Given data:
==========
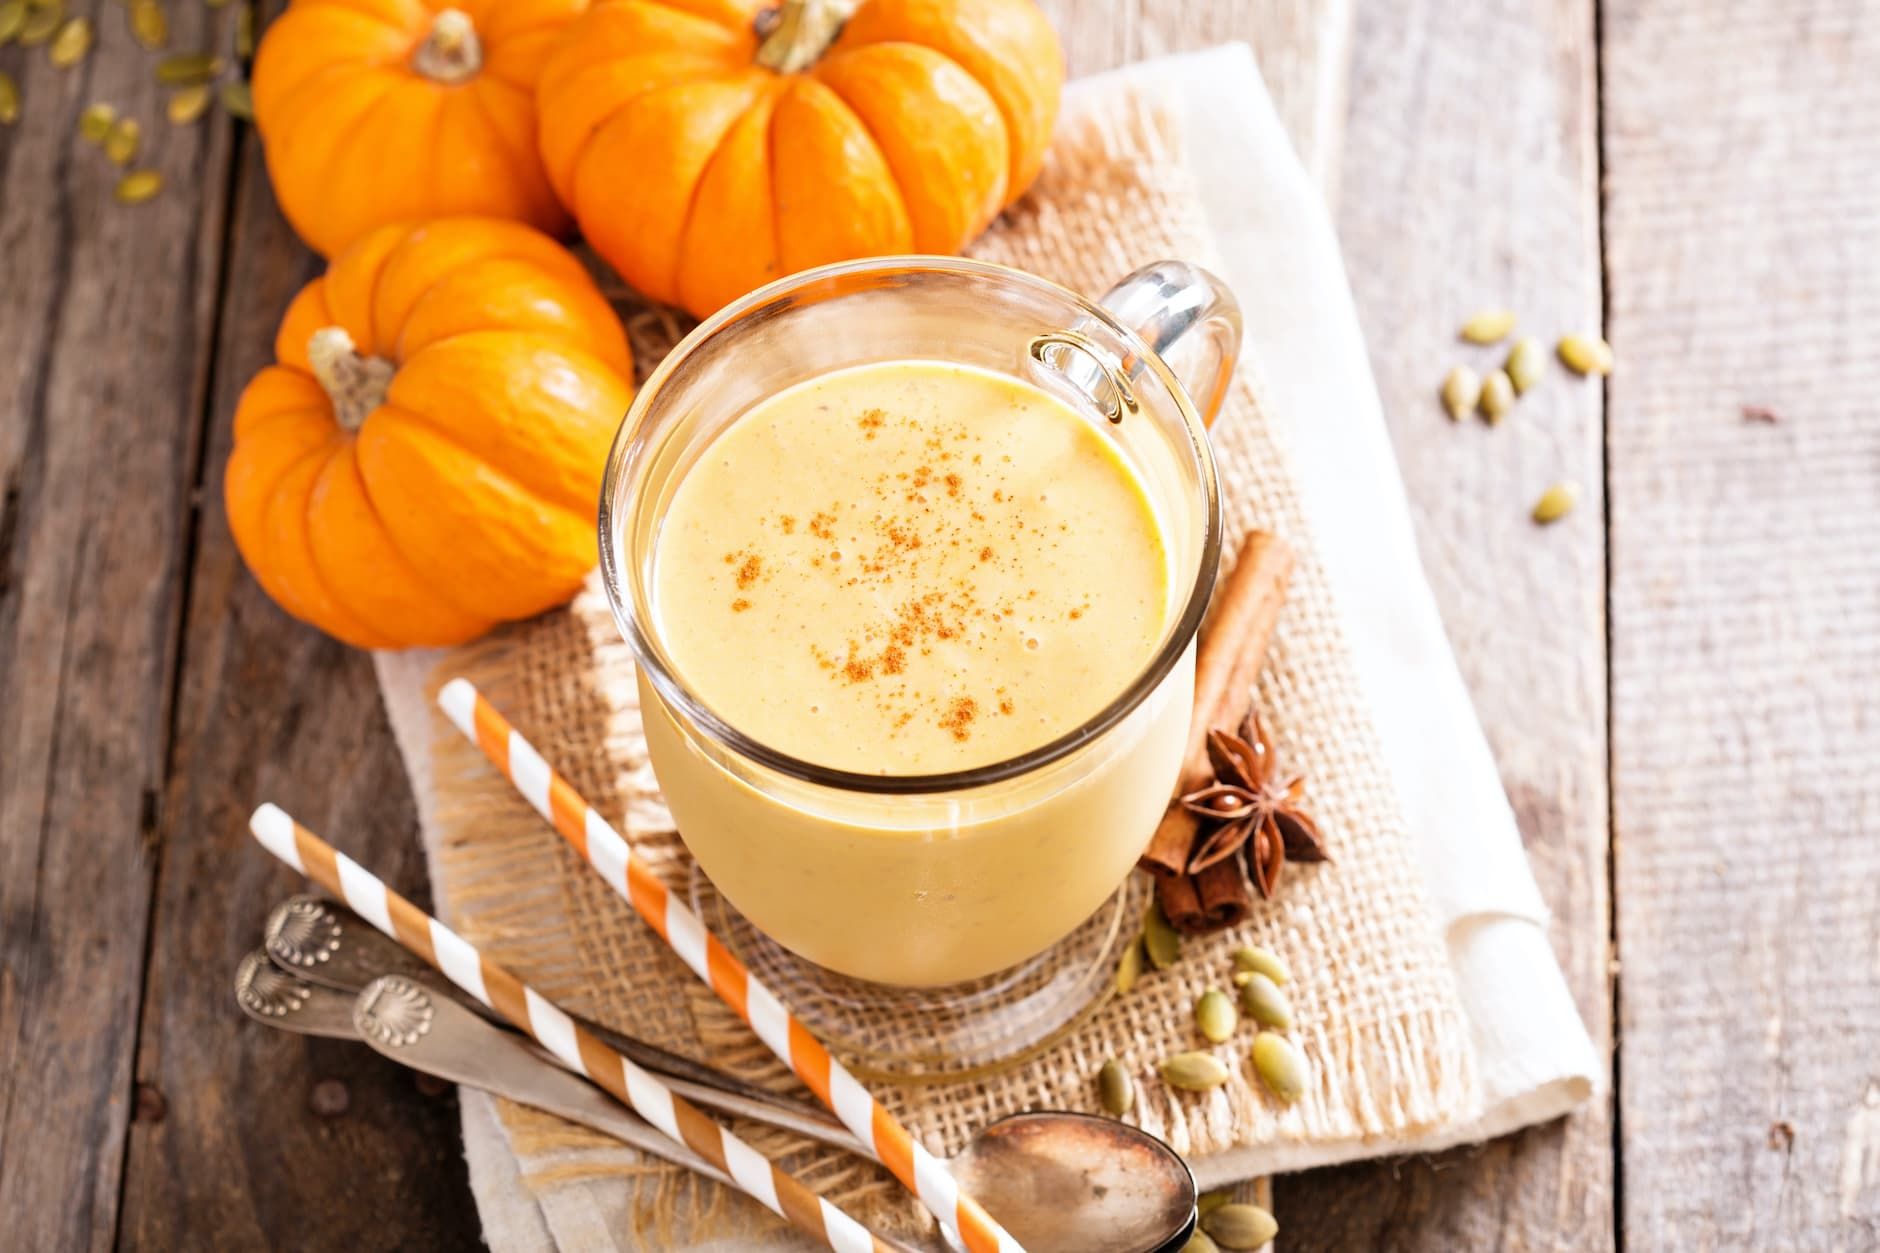 Pumpkin One Of The Most Amazing Health Benefits
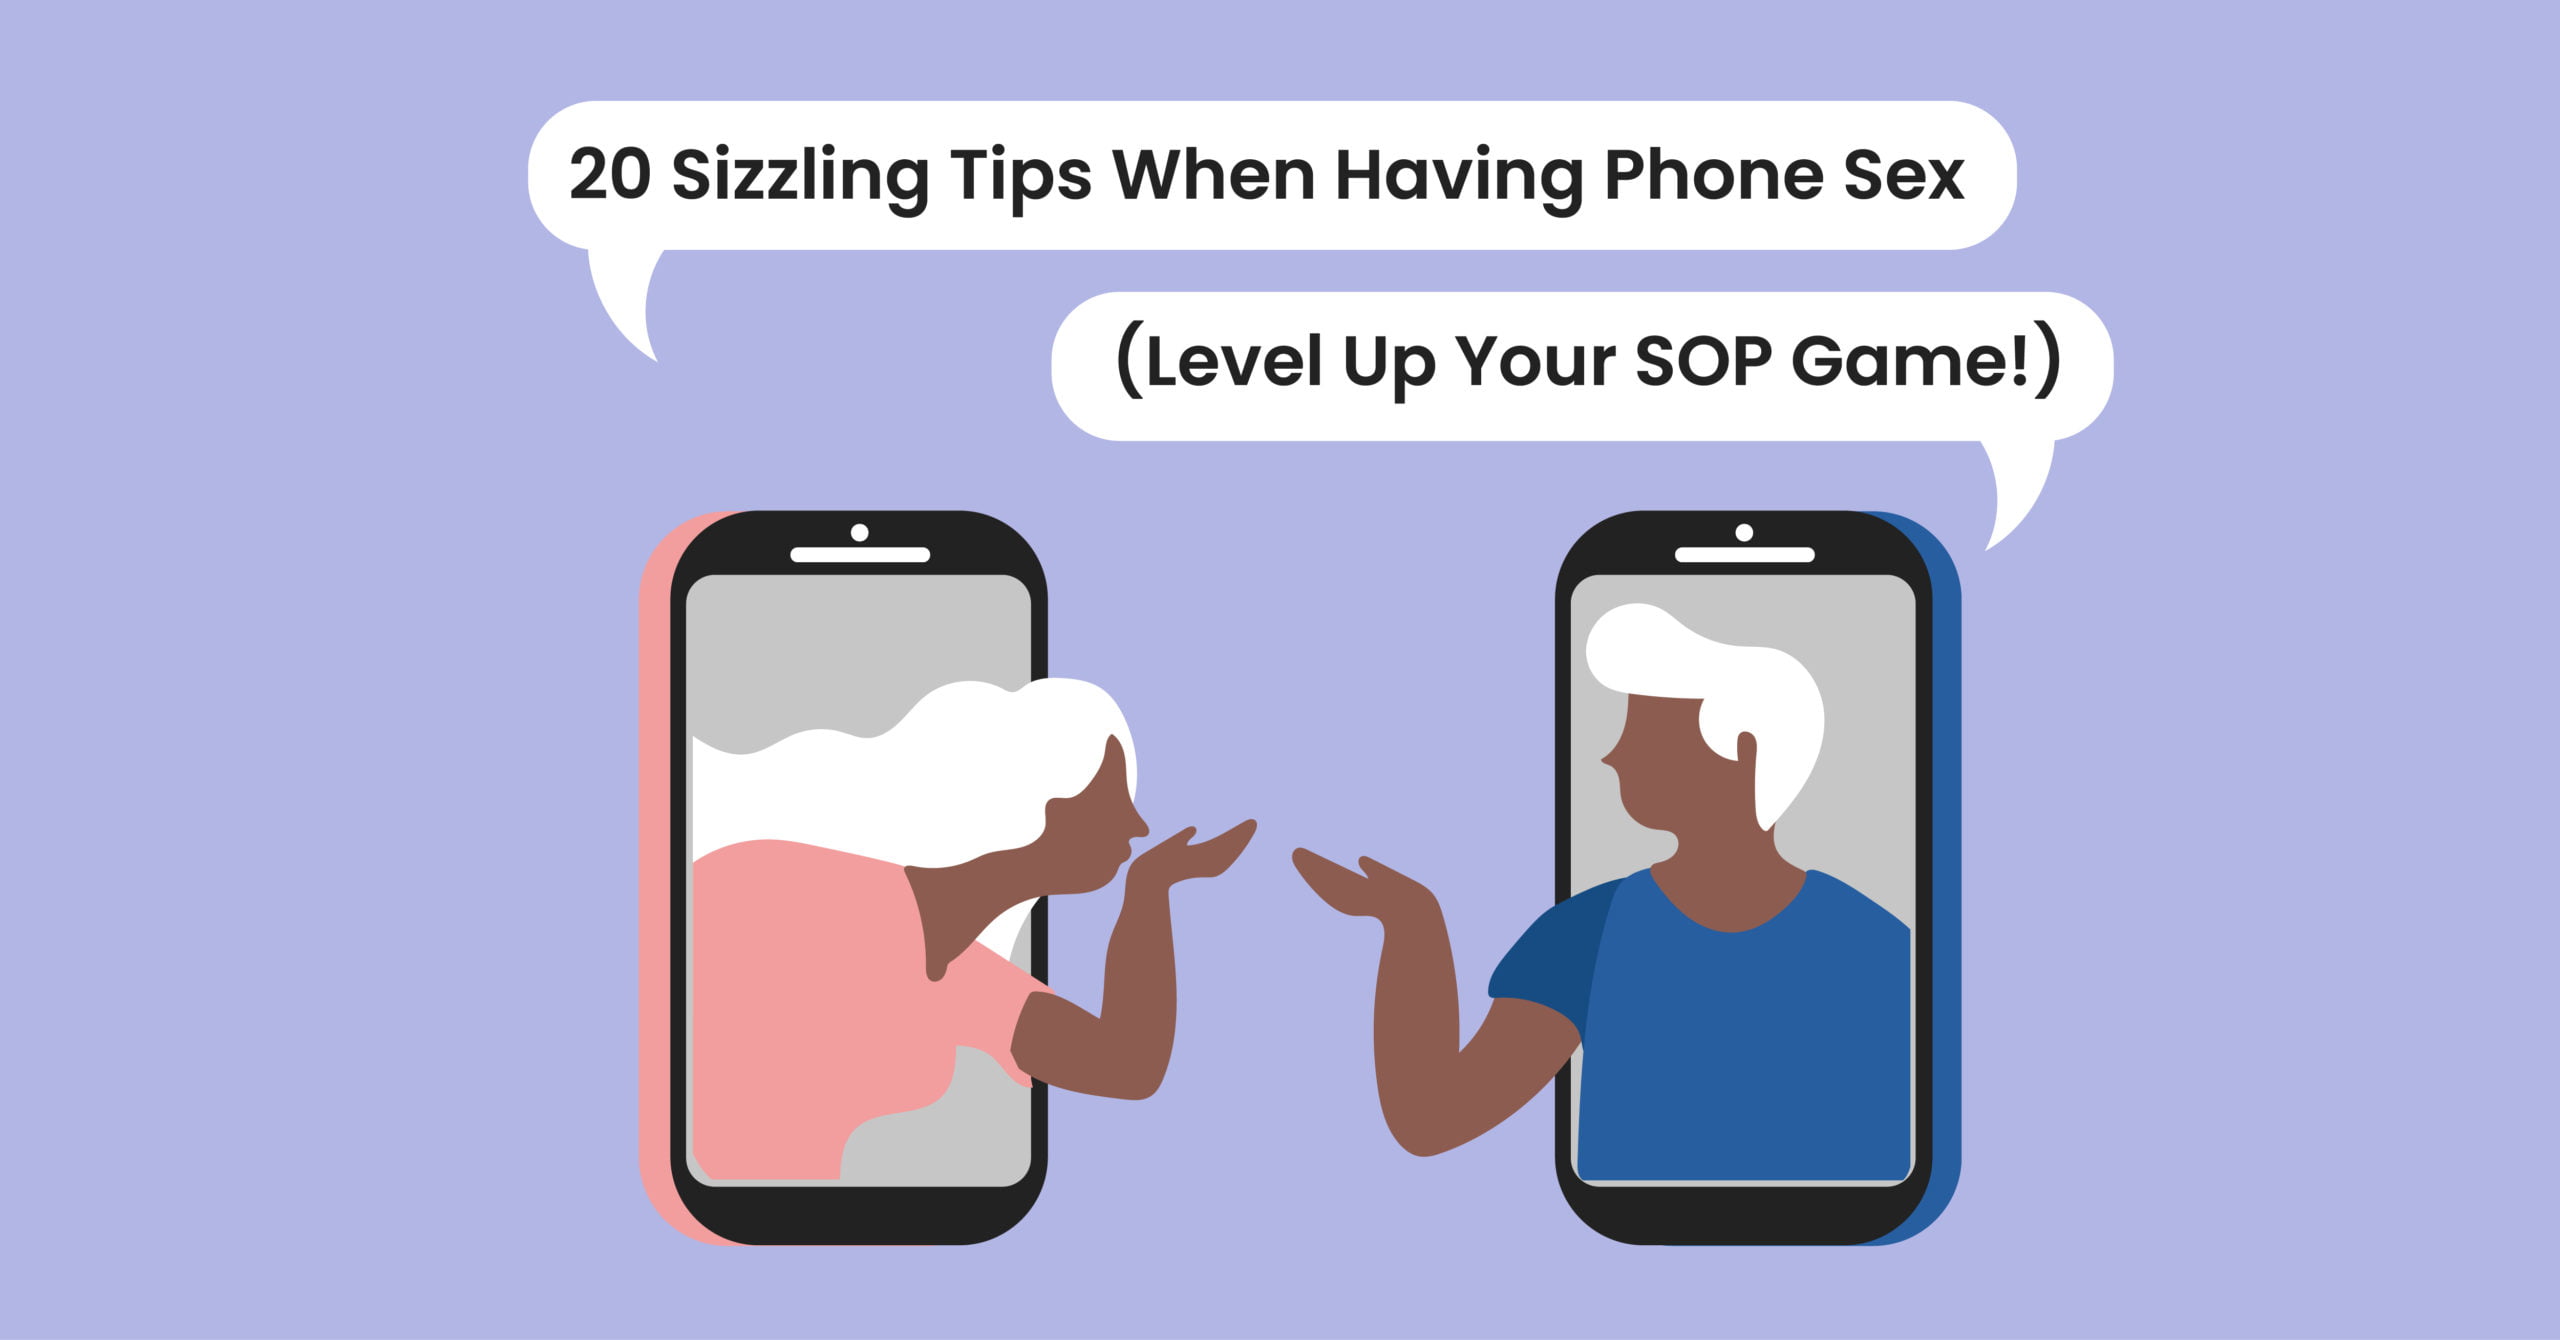 How to Have Phone Sex 30 Tips to Level Up Your SOP Game
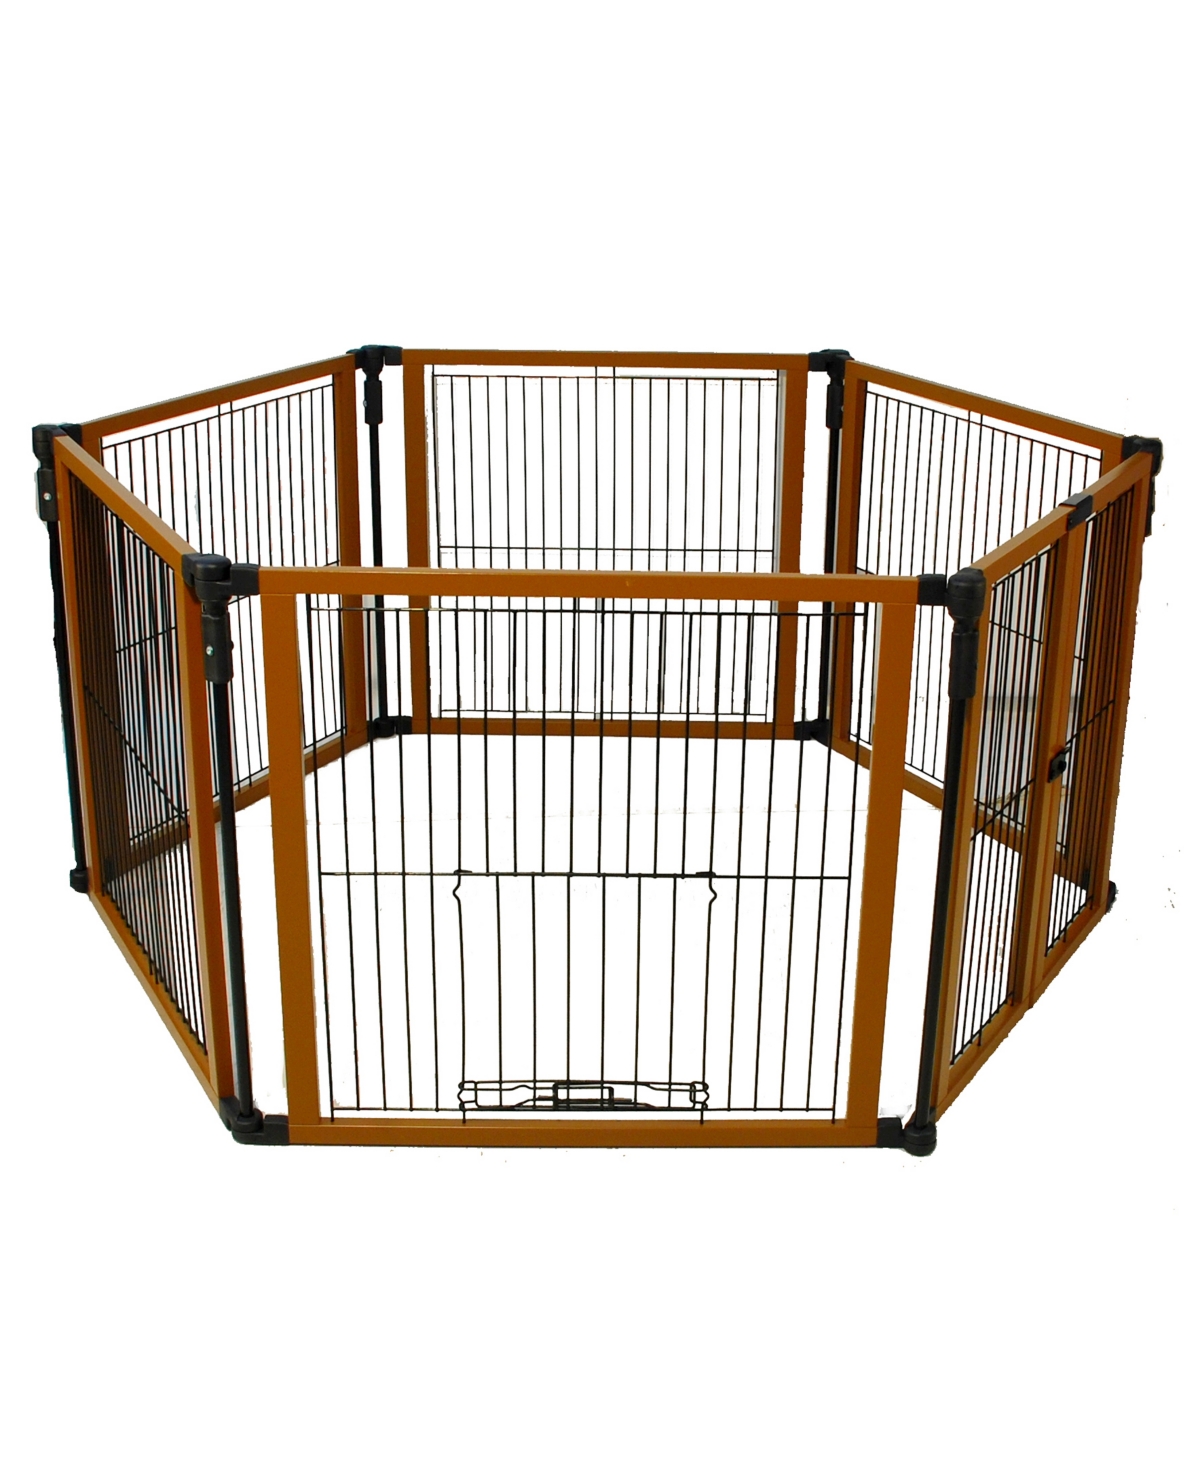 UPC 635035809009 product image for Convertible Pet Pen and Gate | upcitemdb.com
==========
With the pictures left out, output exactly the lines from the one with "How to Have" through the end of the listing above, both ends included.

Task output:
 How to Have Phone Sex 30 Tips to Level Up Your SOP Game
 UPC 635035809009 product image for Convertible Pet Pen and Gate | upcitemdb.com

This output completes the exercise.